Voyage inoubliable, devoir de mémoire
“En 1899, les frères Lumière envoient leur opérateur Gabriel Veyre tourner des images dans l’empire colonial français. Au Cambodge, il filme le Ballet royal.”
C’est sur ces quelques mots de contexte que s’ouvre La Beauté du geste, et dans le même temps, le voyage de ses spectateurs qui les entraînera à travers l’espace et le temps pour découvrir le Ballet royal cambodgien.
Une tradition dont l’histoire et la pratique semblent encore aujourd’hui assez lointaines aux populations occidentales. Pourtant, comme le rappelle habilement l’introduction du long-métrage, le Cambodge a demeuré près d’un siècle sous la protection de l’État français, doublant donc l’intérêt historique et artistique de ce documentaire.
Filmés avec une délicatesse égalant celle du Ballet royal cambodgien, les mouvements des danseuses autant que les éléments d’archives, croquis préparatoires colorés d’aquarelle ou étoffes centenaires, se dévoilent devant les yeux ébahis des spectateurs comme autant de trésors exotiques.

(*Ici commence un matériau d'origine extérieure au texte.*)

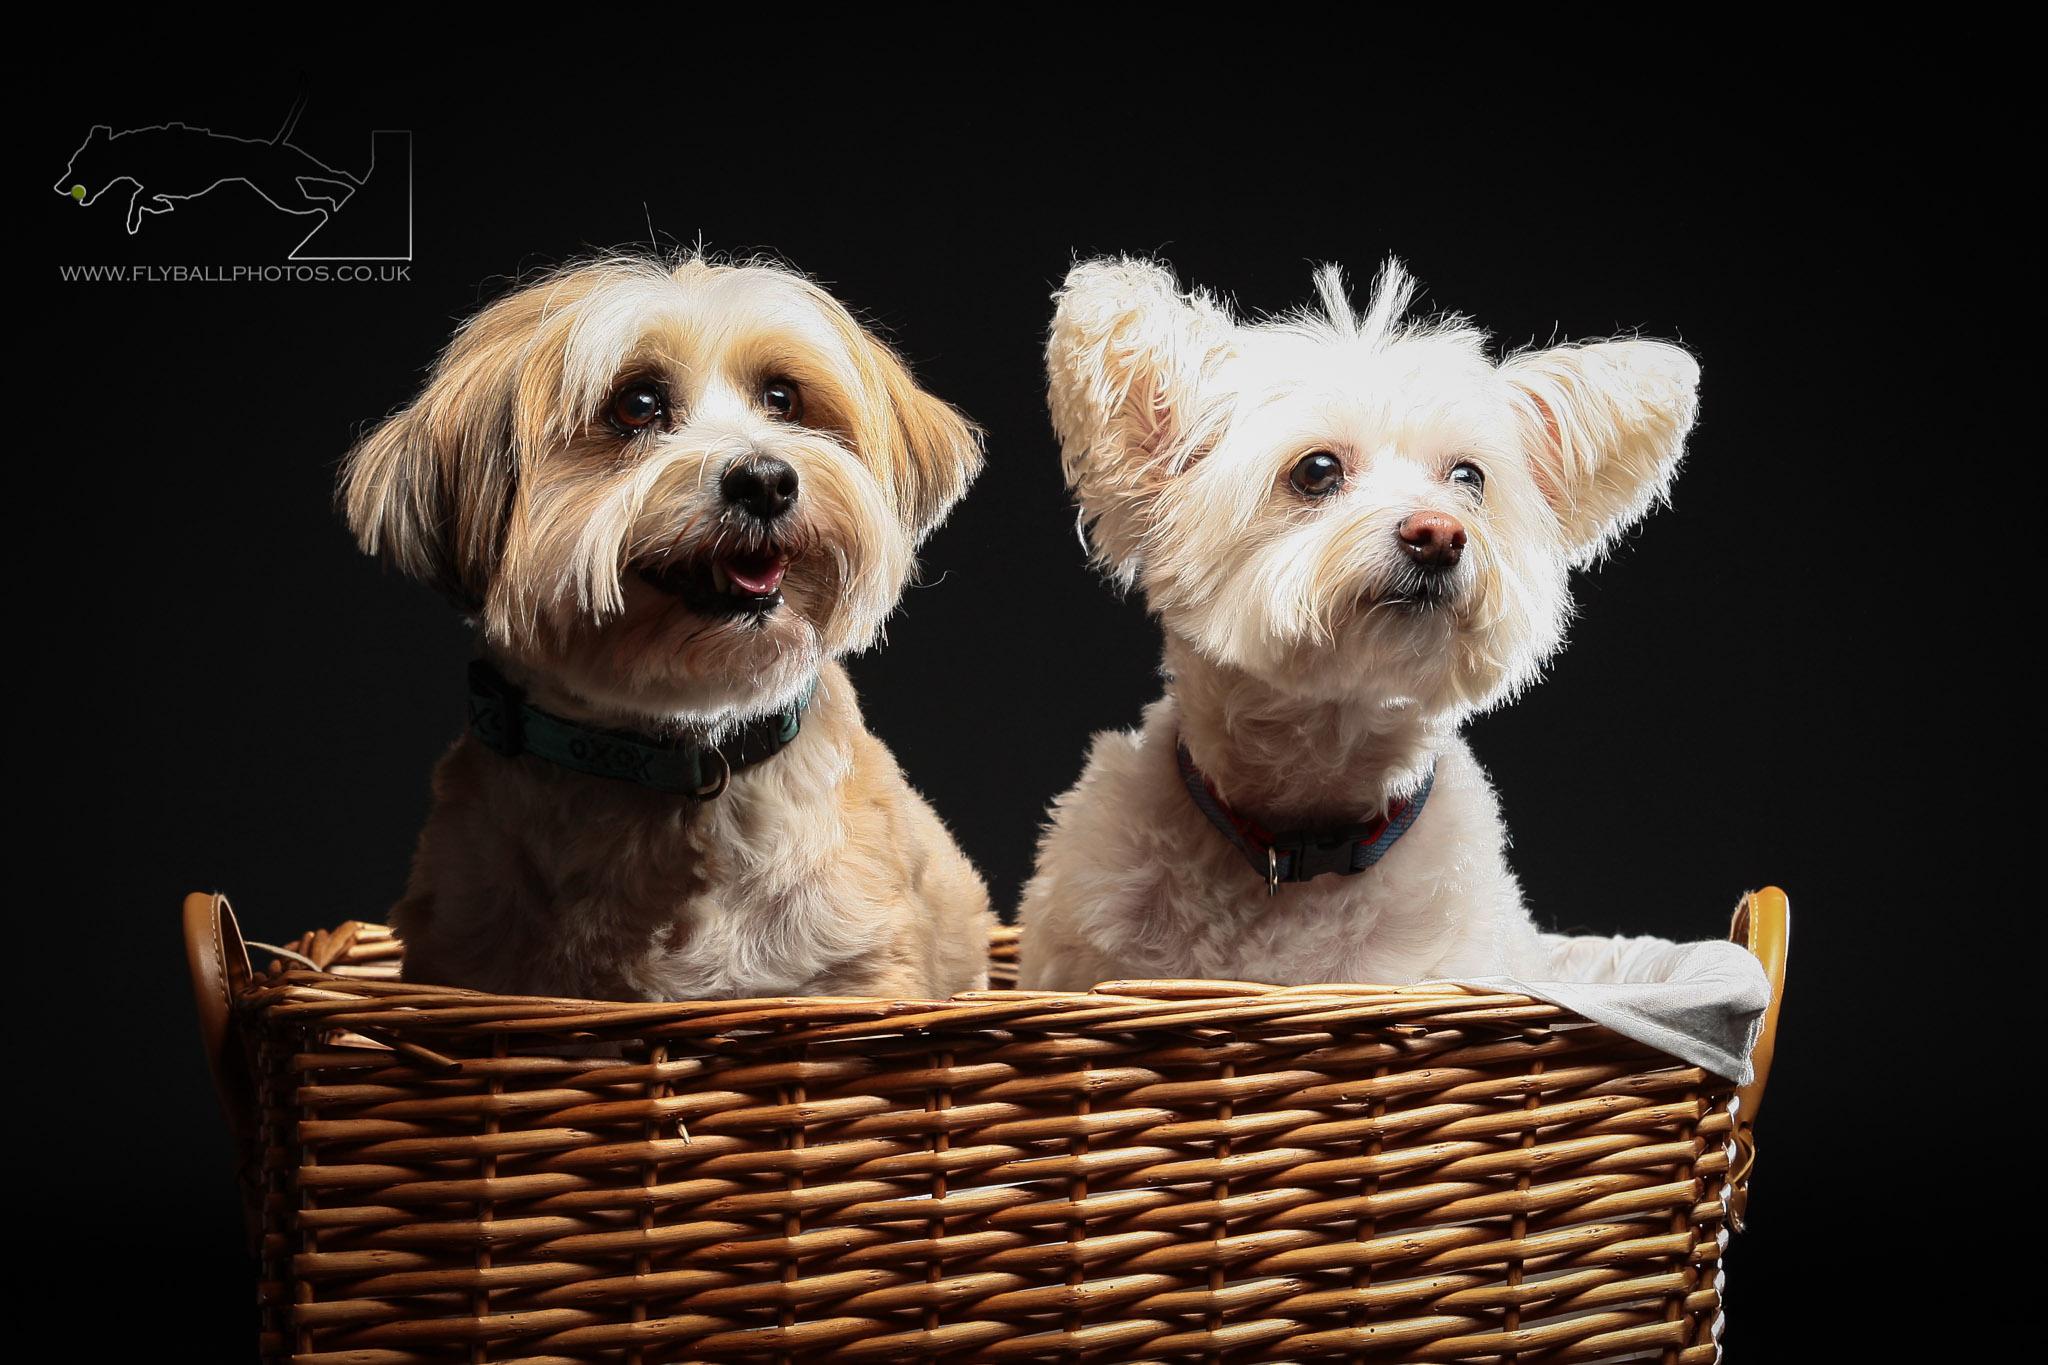 winchelsea pups

Pourtant, l’influence de cet art ancestral sur la culture occidentale est indéniable et le ramène à une réalité bien plus proche de nous qu’il n’y paraît.
Invité en 1906 à découvrir une représentation du Ballet royal, Auguste Rodin s’est lui-même émerveillé de ce qui marquera son œuvre à jamais. “[Ces danseuses] m’ont appris des mouvements que je n’avais jamais rencontrés nulle part, écrivait alors le sculpteur, ni dans la statuaire, ni dans la nature.”
Ces mouvements élégants, ces gestes précis et pourtant si délicats, sont filmés avec tout autant de finesse par la caméra discrète de Xavier de Lauzanne, le réalisateur. Son objectif s’invite et vous entraîne lors des répétitions, en coulisses, et bien sûr en scène pour se faire témoin des secrets de l’art du ballet cambodgien, aussi sublime qu’éminement politique.
Le retour remarqué d’un cinéaste clairvoyant
Une fois de plus, le cinéaste Xavier de Lauzanne se fait gardien de la mémoire pour préserver les images de cet art ancestral dont les techniques se perdent parfois au cours de l’Histoire.
Après Les Pépites, noté 4,6 étoiles sur 5 par une communauté AlloCiné conquise, 9 jours à Raqqa, sélectionné au Festival de Cannes, et En toute Liberté sorti l’année dernière, le réalisateur signe son grand retour avec un nouveau long-métrage où l’émerveillement visuel va de pair avec un nécessaire devoir d’instruction et de mémoire.
Si Les Pépites avait éveillé la curiosité de pas moins de 200 000 spectateurs (une performance mémorable pour un documentaire), La Beauté du geste ne manquera certainement pas de trouver son public.
Une merveille de poésie et d’Histoire, à découvrir dès maintenant au cinéma.